**Try it**
Quote the lines of the data below verbatim, beginning at the line that contains "Gods Costume |" and ending at the last line, both included, and excluding pictures.

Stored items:
>>>>
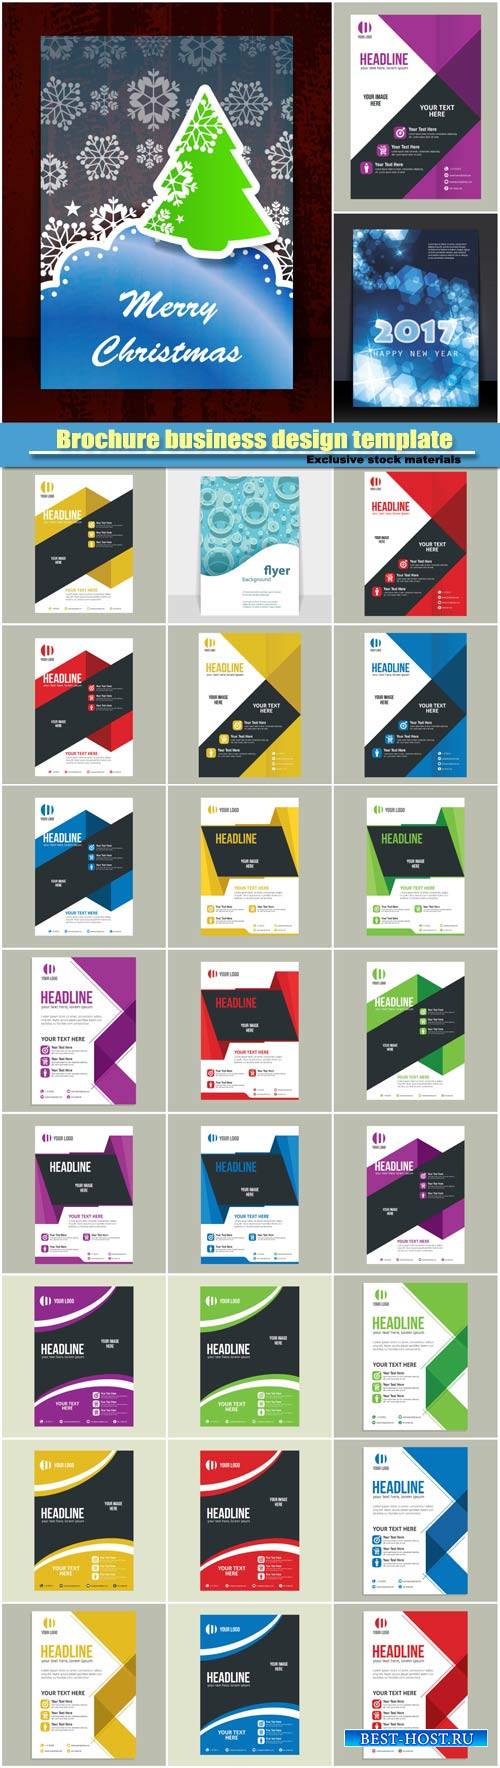 Brochure business design template
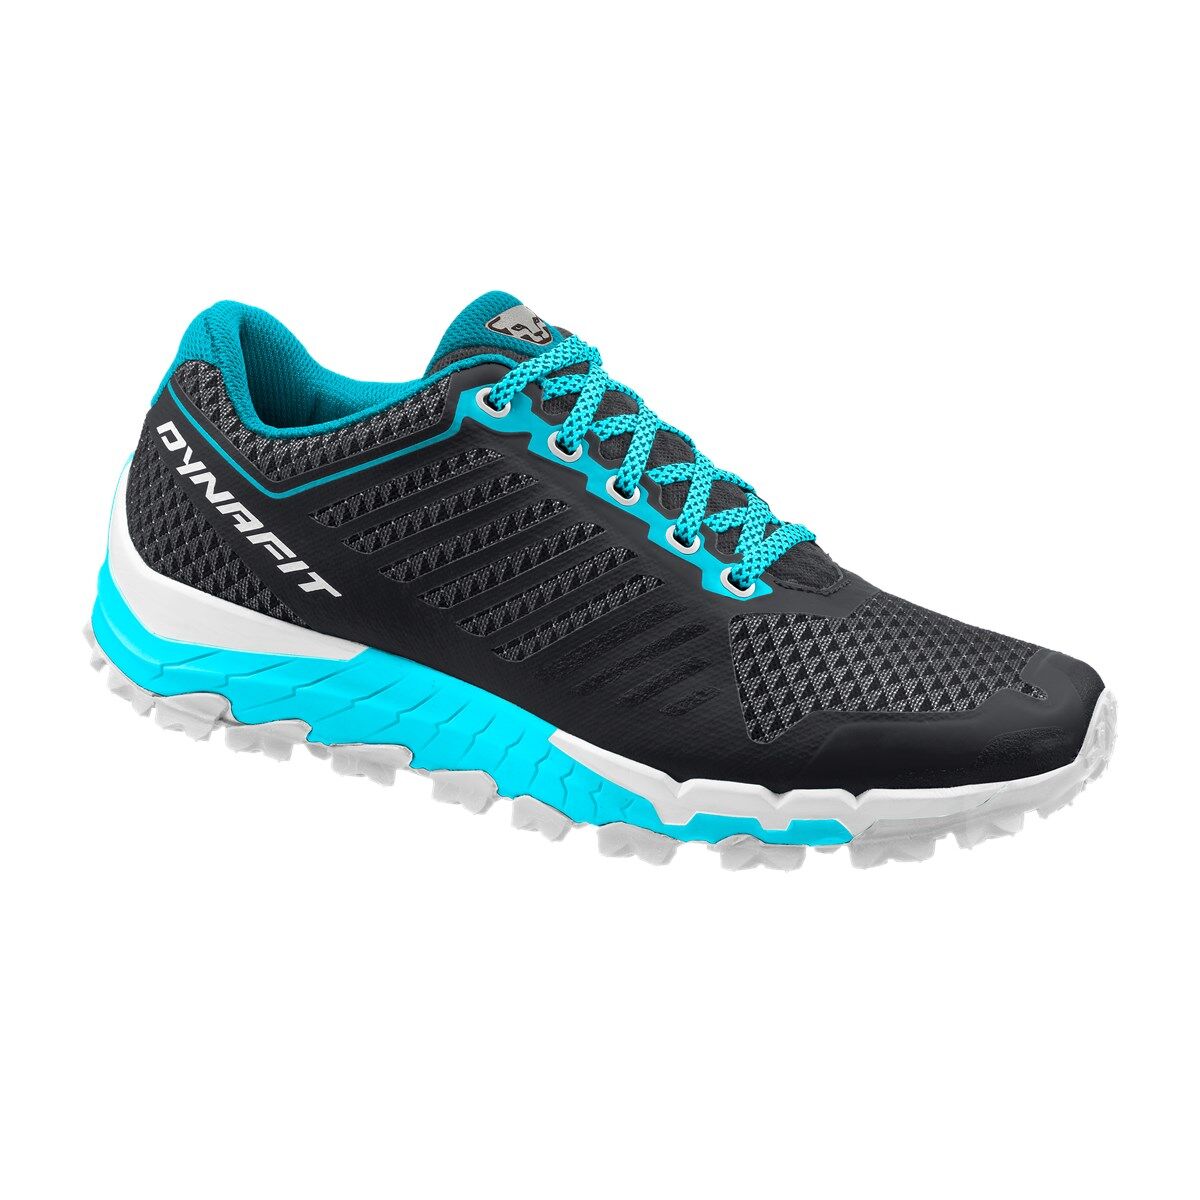 Dynafit - Trailbreaker - Trail Running shoes - Women's
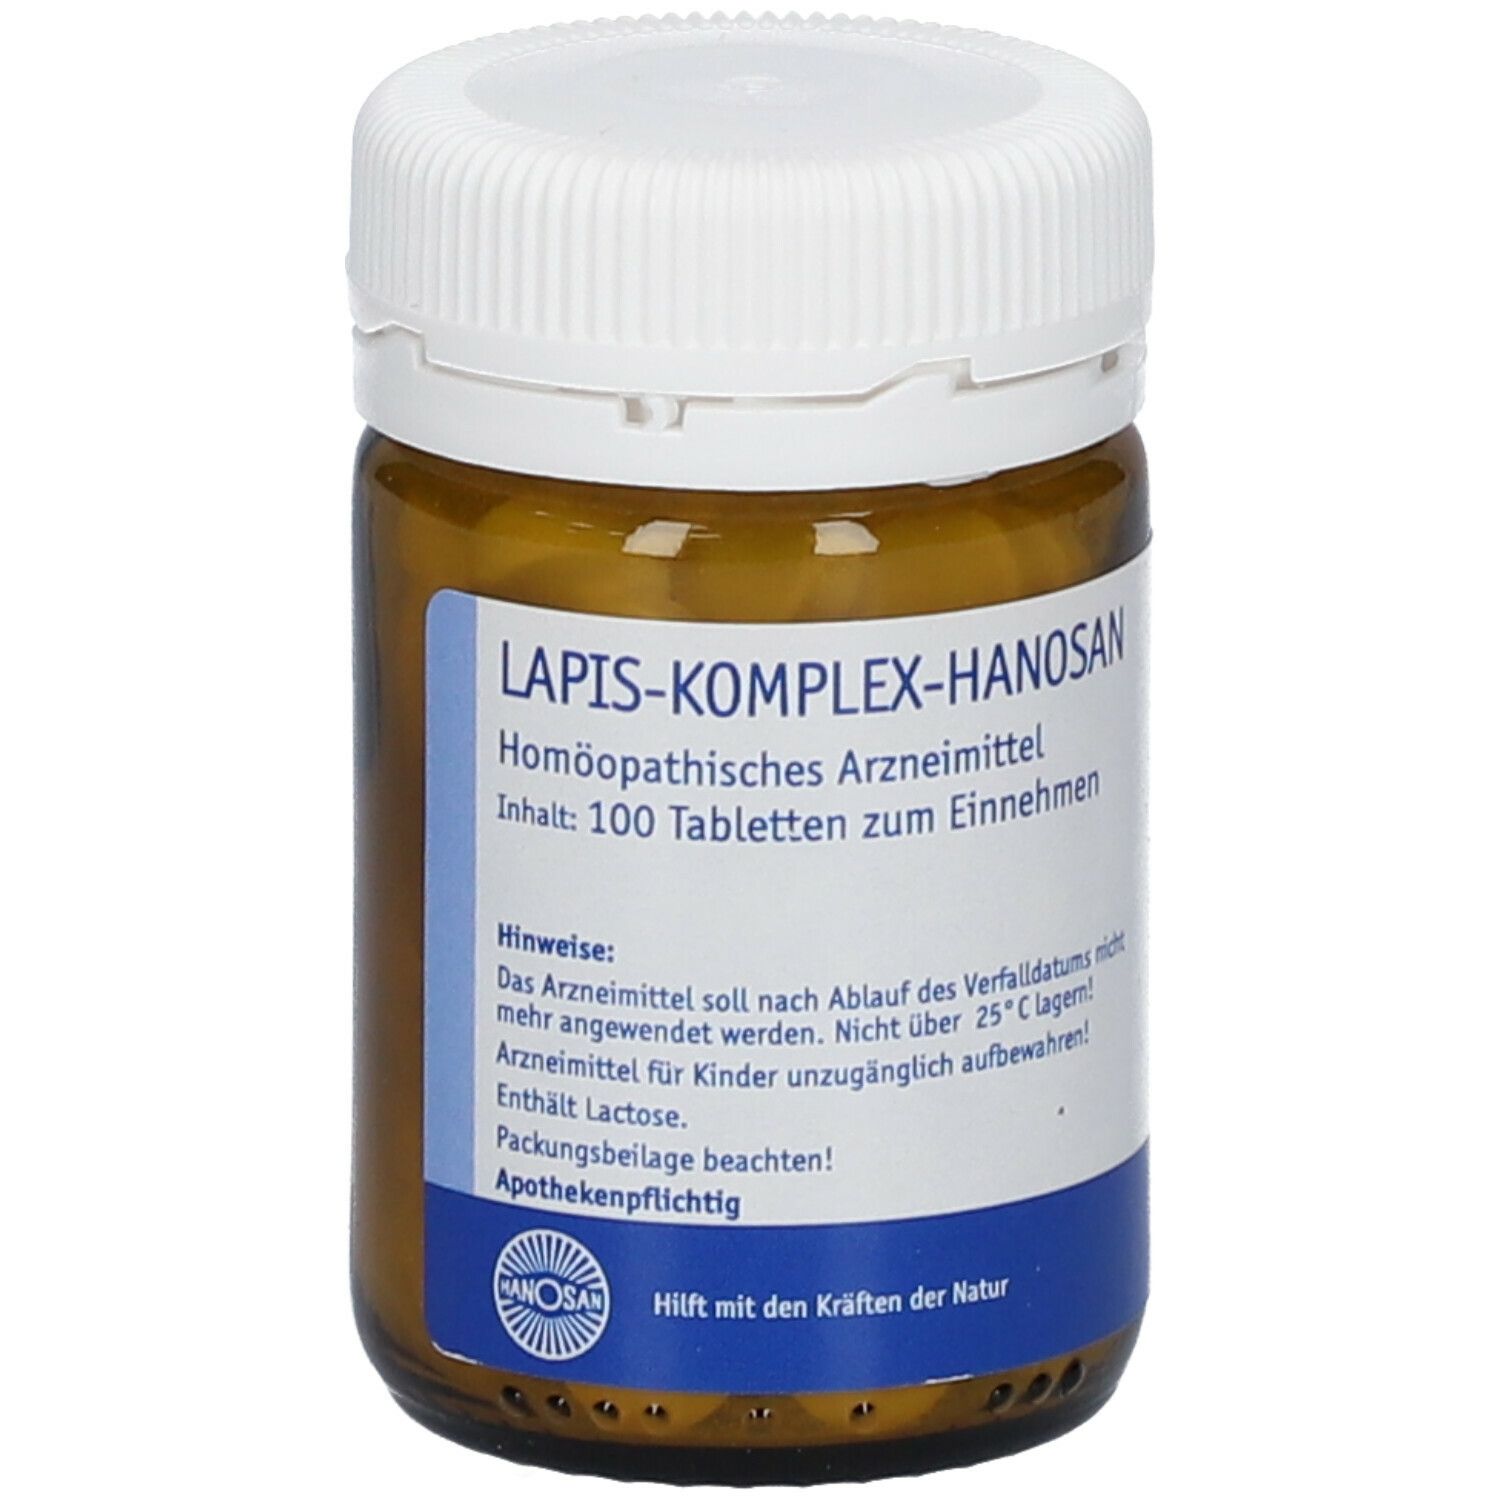 LAPIS-KOMPLEX-HANOSAN
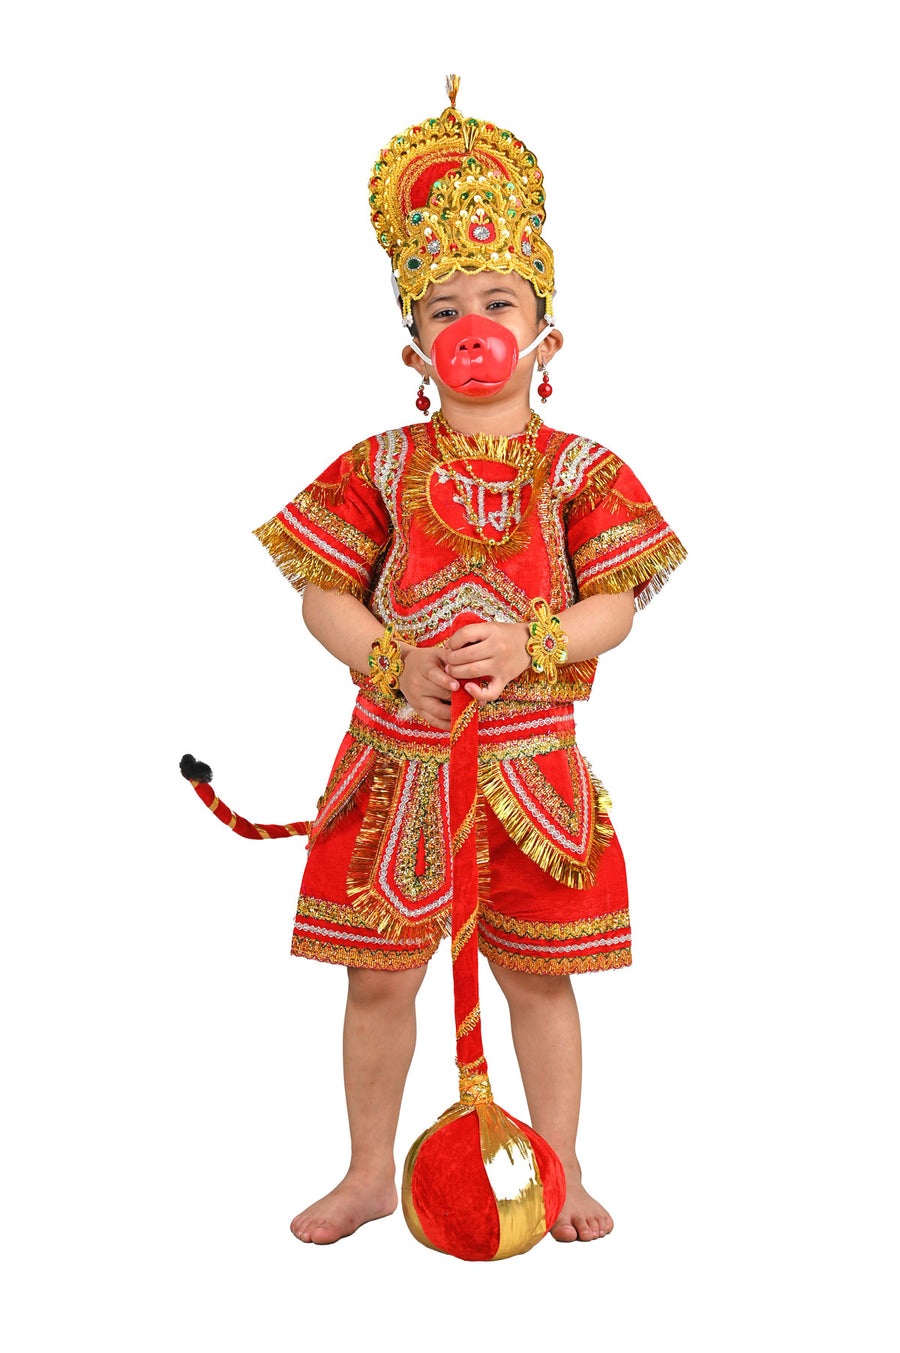 Gods Costume | Buy or Rent Kids Fancy Dress Costumes in India - Wanwasi Ram fancy  dress
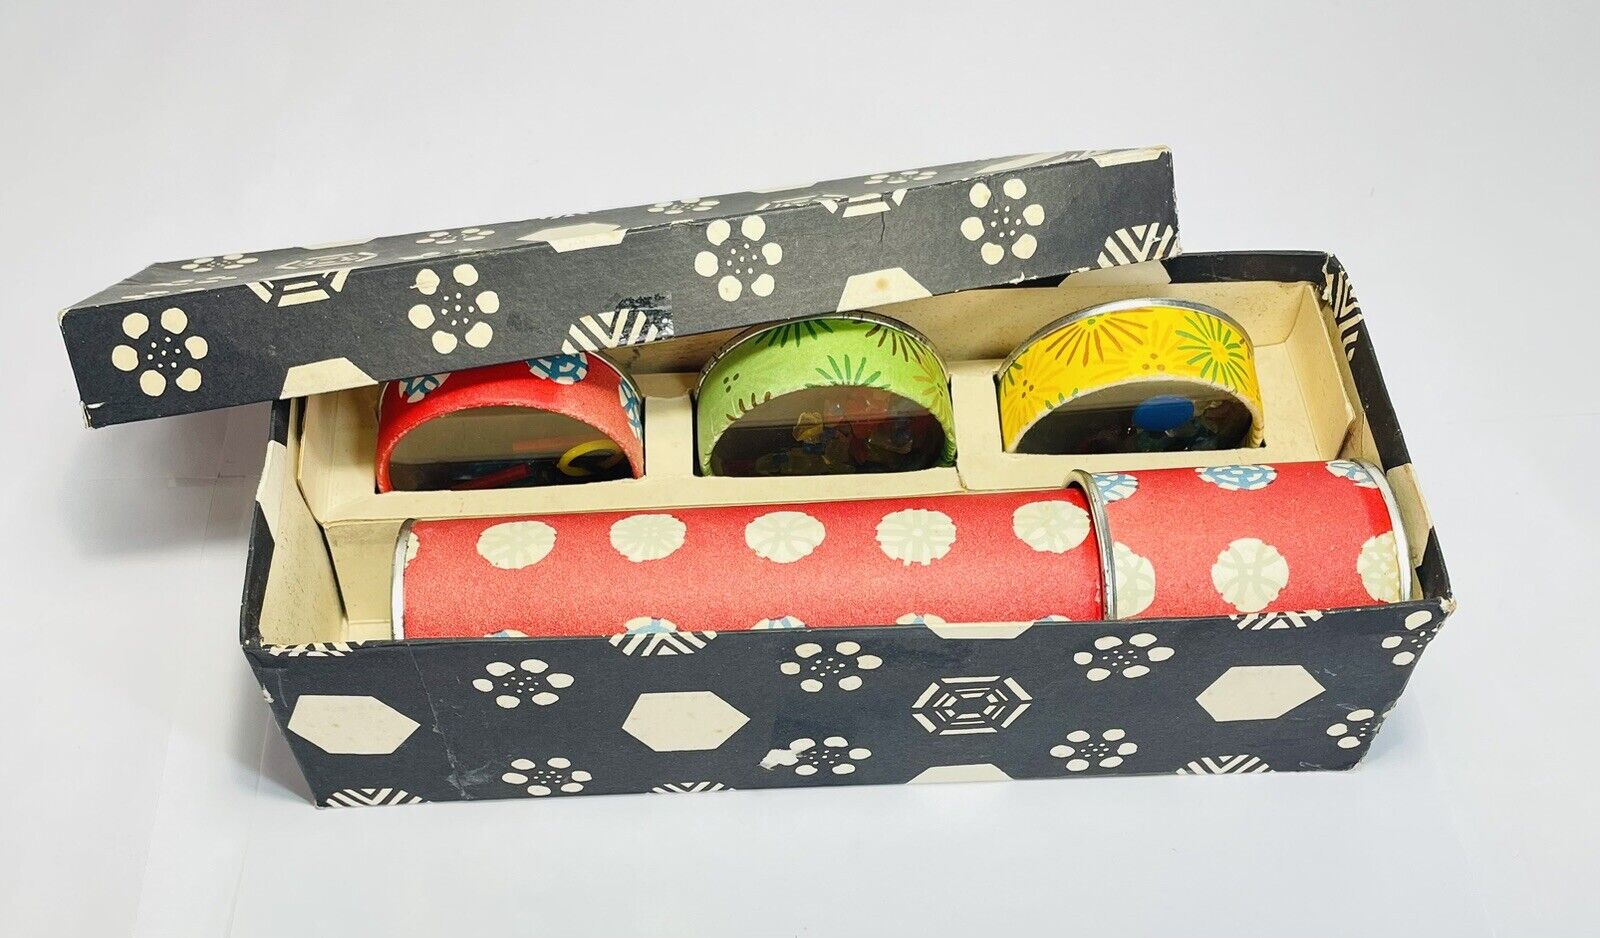 1960’s Vintage Japanese Kaleidoscope Classic Toy Original Box 9” Collectible
<<<<
**Exercise output**
 Gods Costume | Buy or Rent Kids Fancy Dress Costumes in India - Wanwasi Ram fancy  dress
 1960’s Vintage Japanese Kaleidoscope Classic Toy Original Box 9” Collectible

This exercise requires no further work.